Segment Open
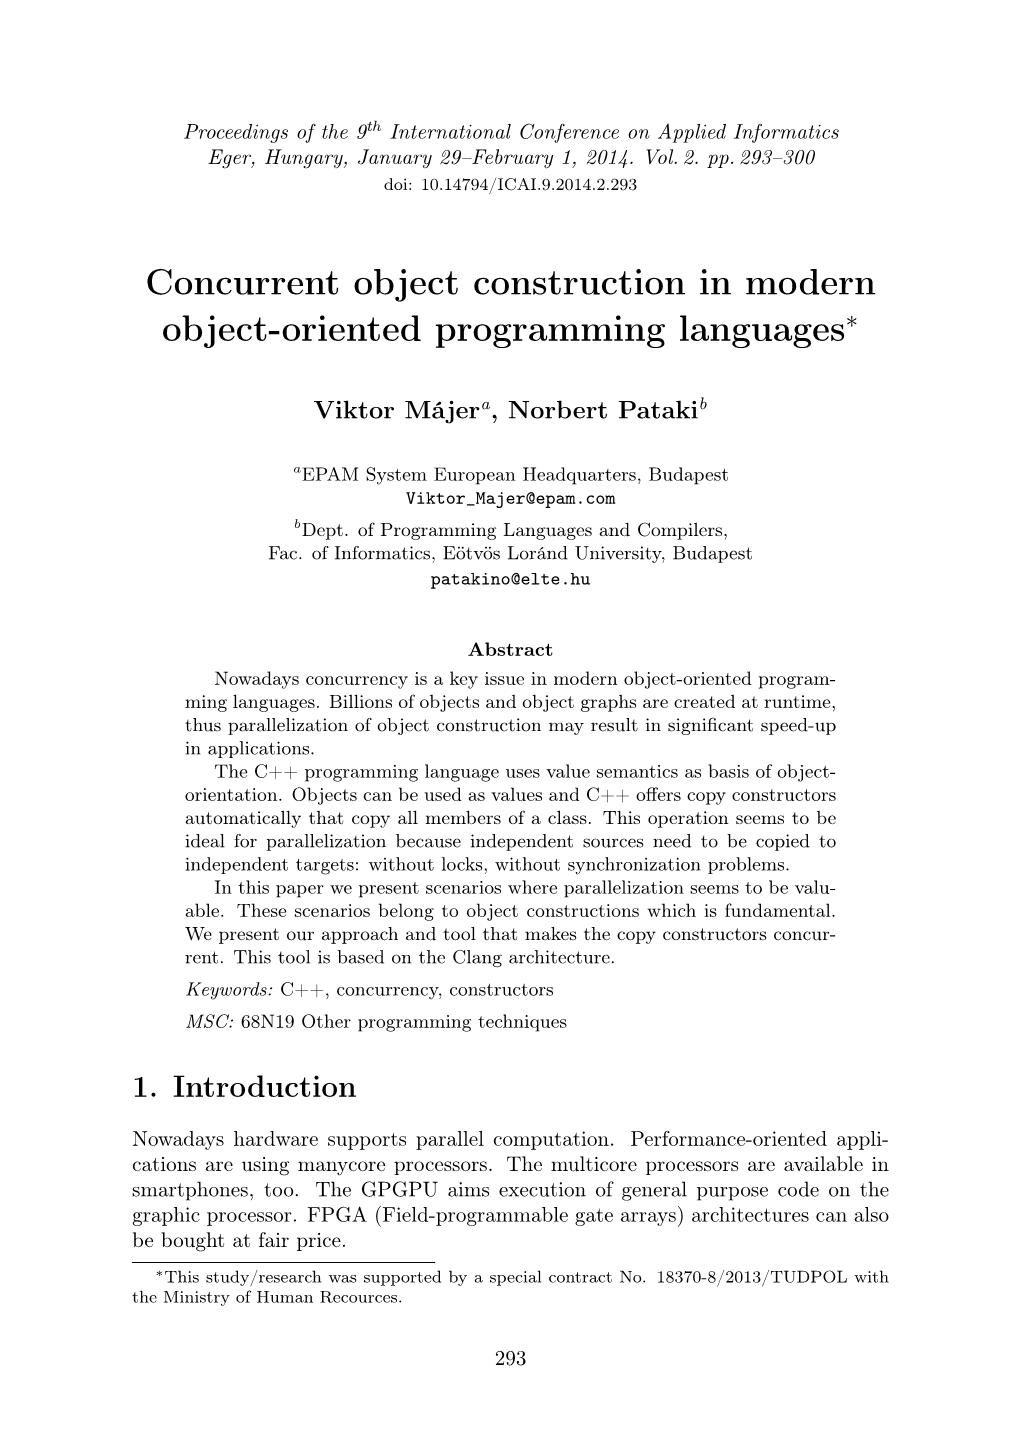 Concurrent Object Construction in Modern Object-Oriented Programming Languages∗
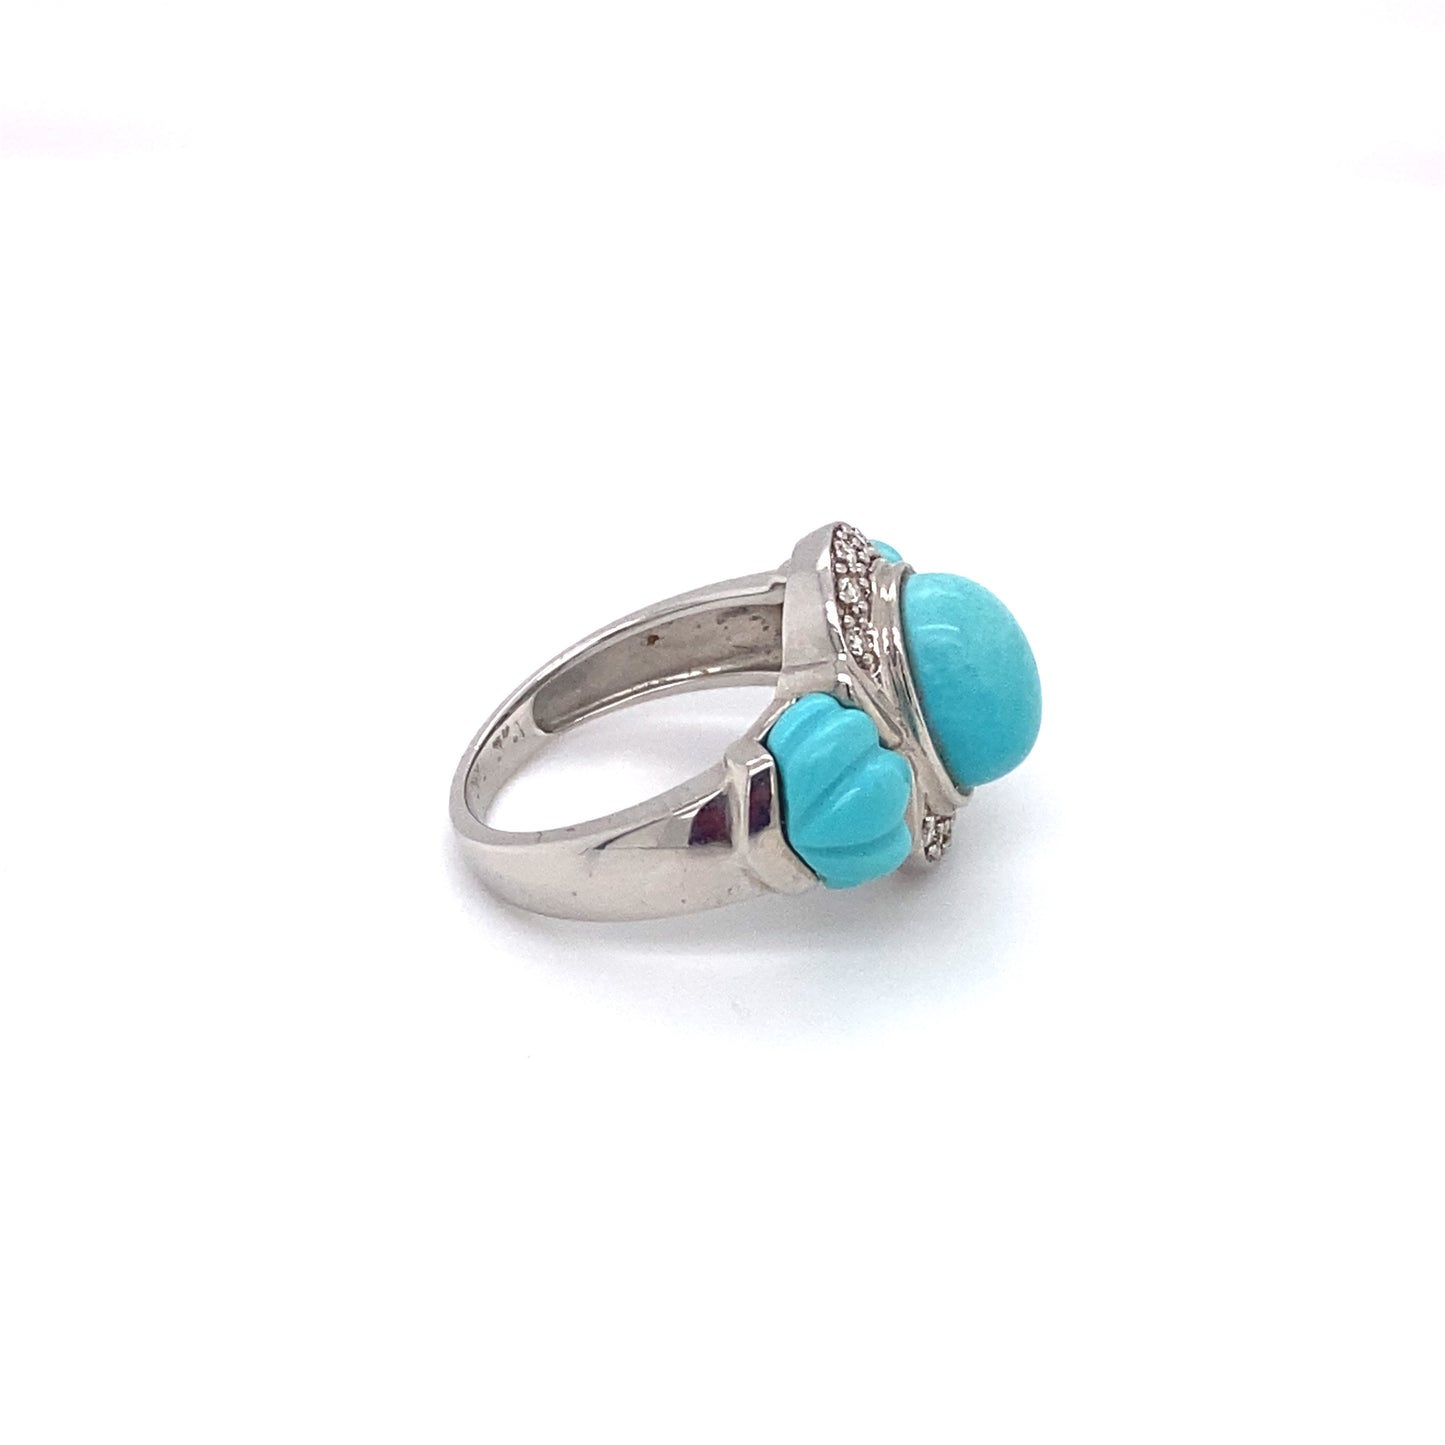 Vintage 14K White Gold Turquoise and Diamond Ring
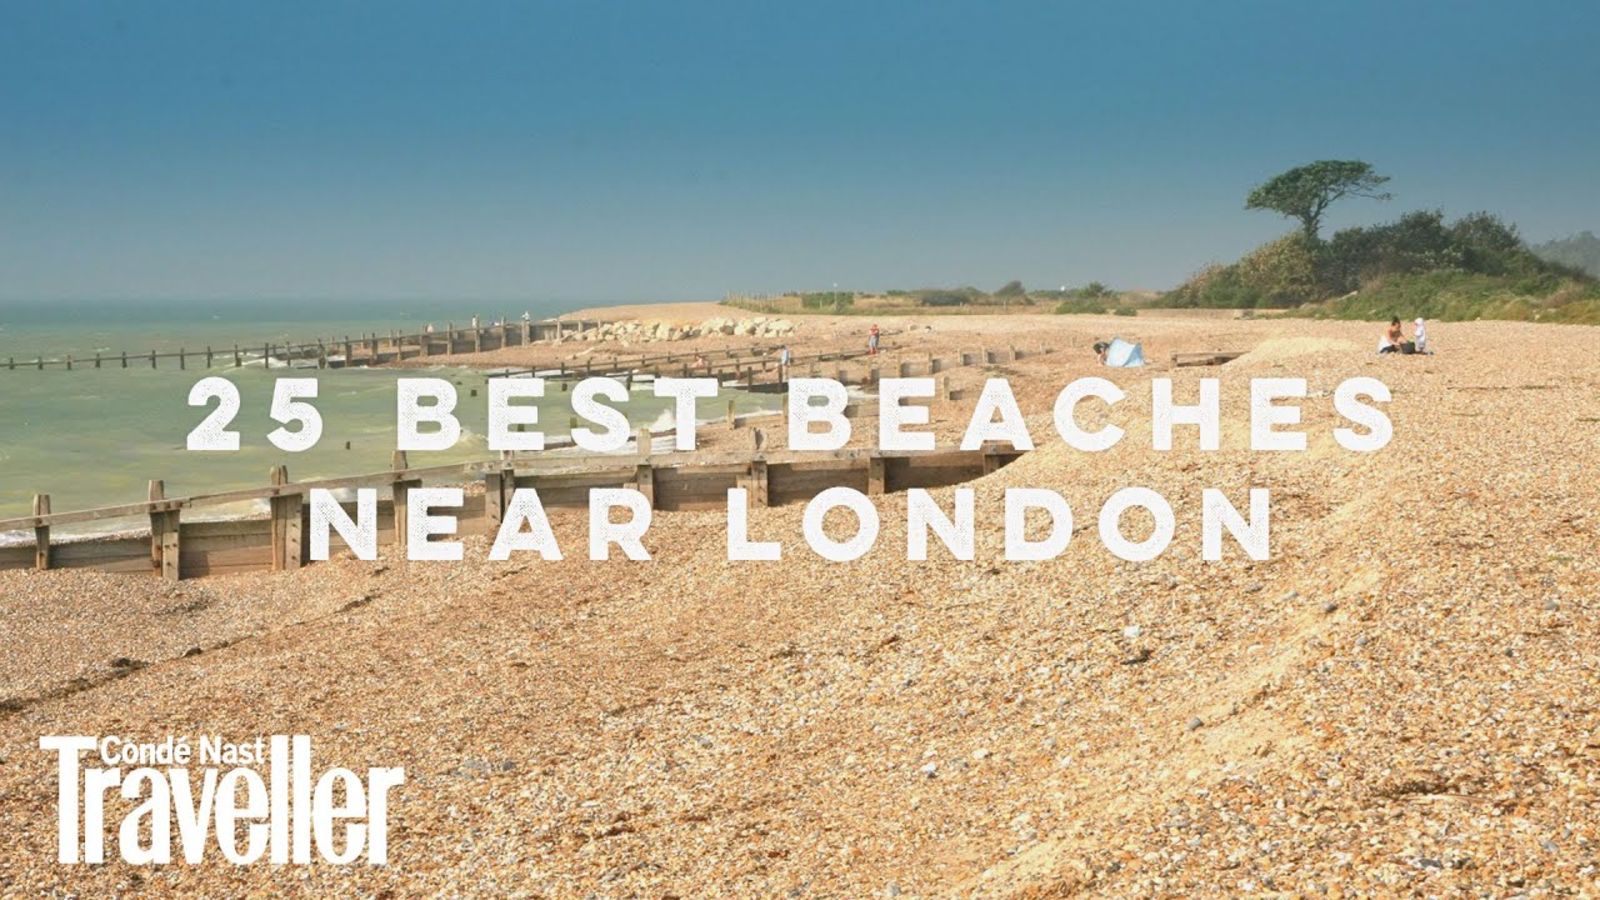 The best beaches to visit near London
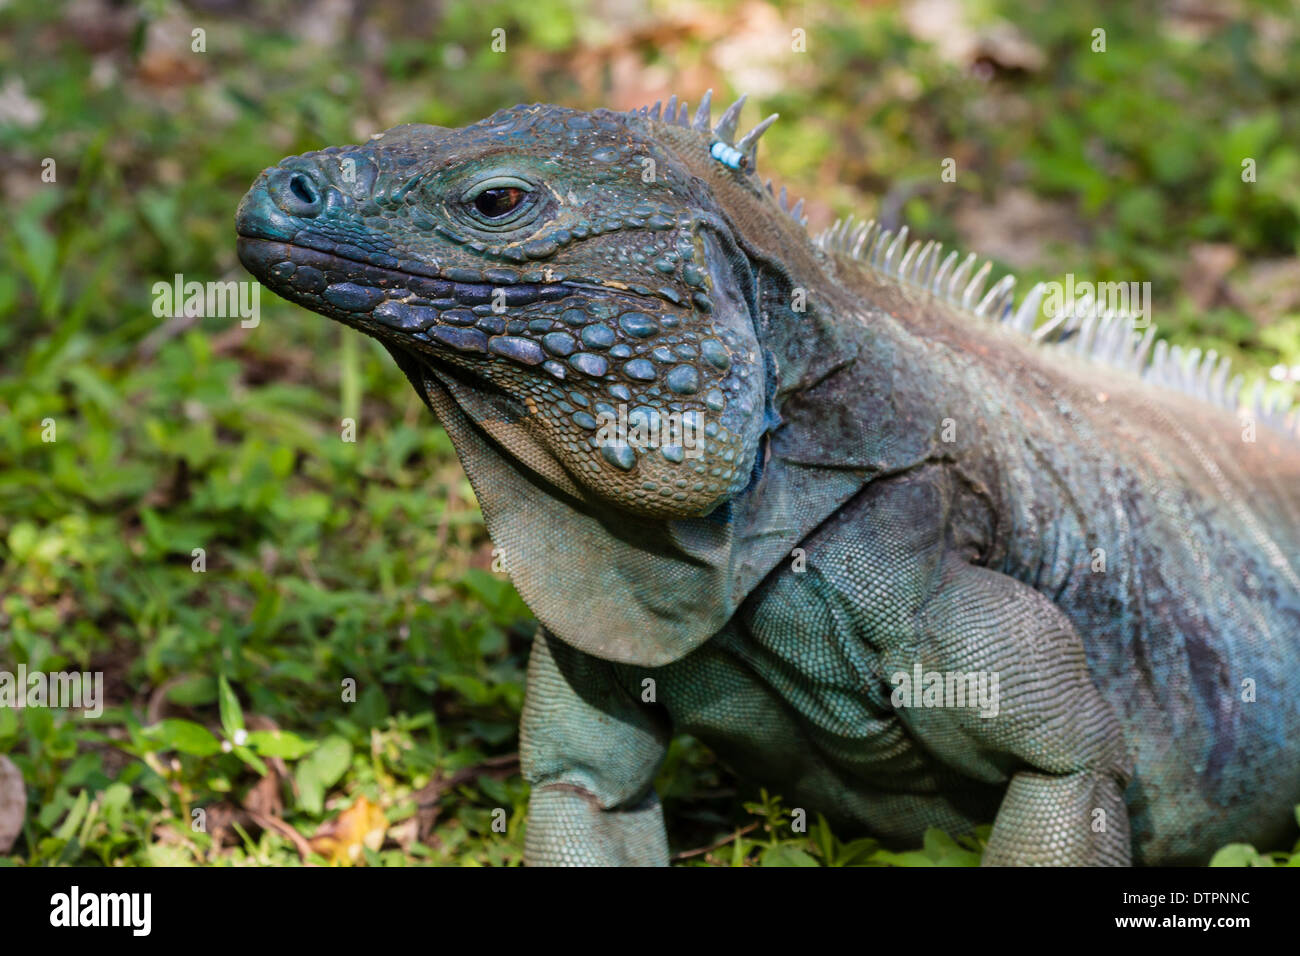 Close-up of a blue and turquoise endangered male blue iguana in Queen Elizabeth II Botanic Park on Grand Cayman, Cayman Islands Stock Photo
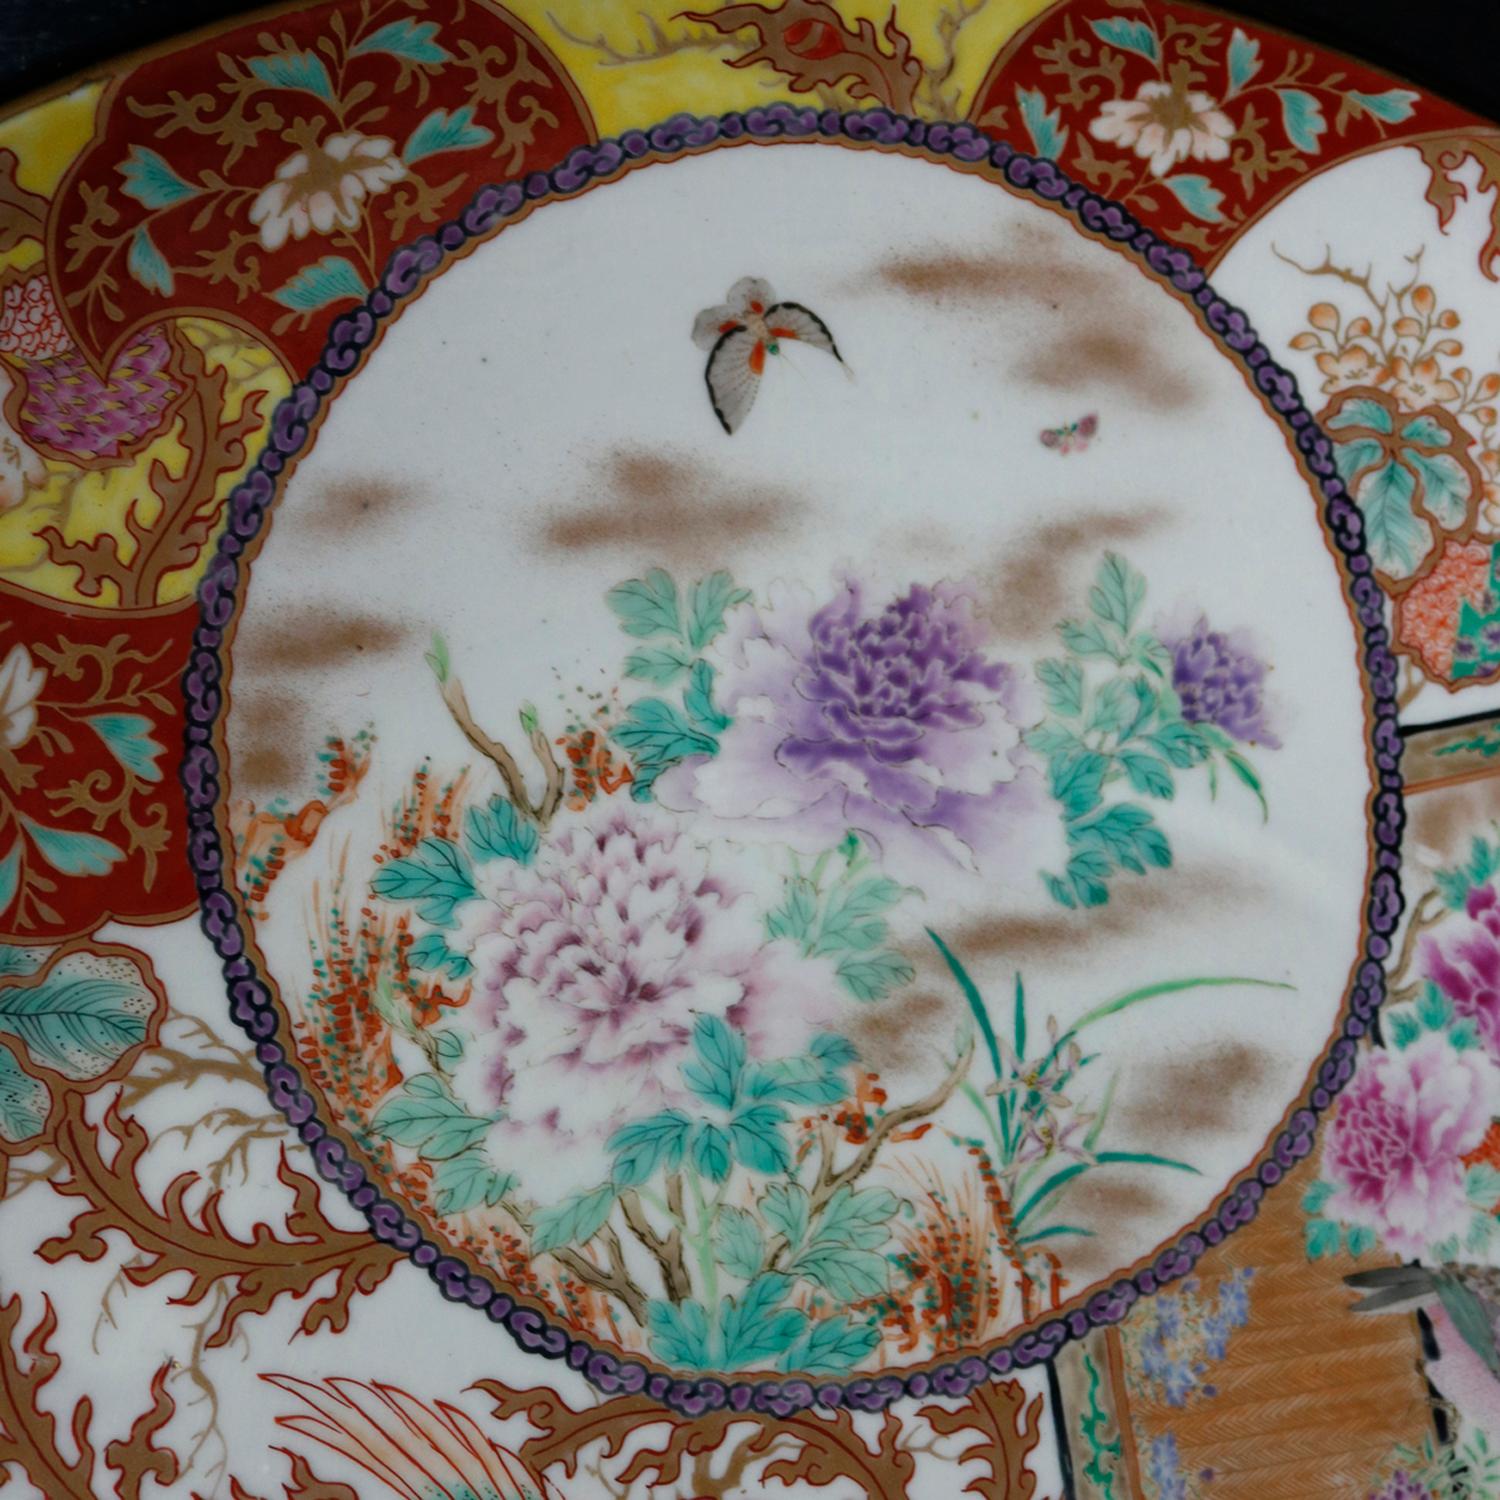 Antique Japanese Imari Meiji Charger by Hichozan Shinpo-sei offers hand enameled and gilt garen scene reserves with flowers and birds, en vers signed and with ragon decorated rim, seate in shadow box type ebonized frame, 19th century.
(Hichozan
Segment Closed
**Task description:**
Omit the pictures. Write out exactly the lines from the one containing "Antique Japanese Imari" through the last line of the entries, both of them included.

**Problem solution:**
 Antique Japanese Imari Meiji Charger by Hichozan Shinpo-sei offers hand enameled and gilt garen scene reserves with flowers and birds, en vers signed and with ragon decorated rim, seate in shadow box type ebonized frame, 19th century.
(Hichozan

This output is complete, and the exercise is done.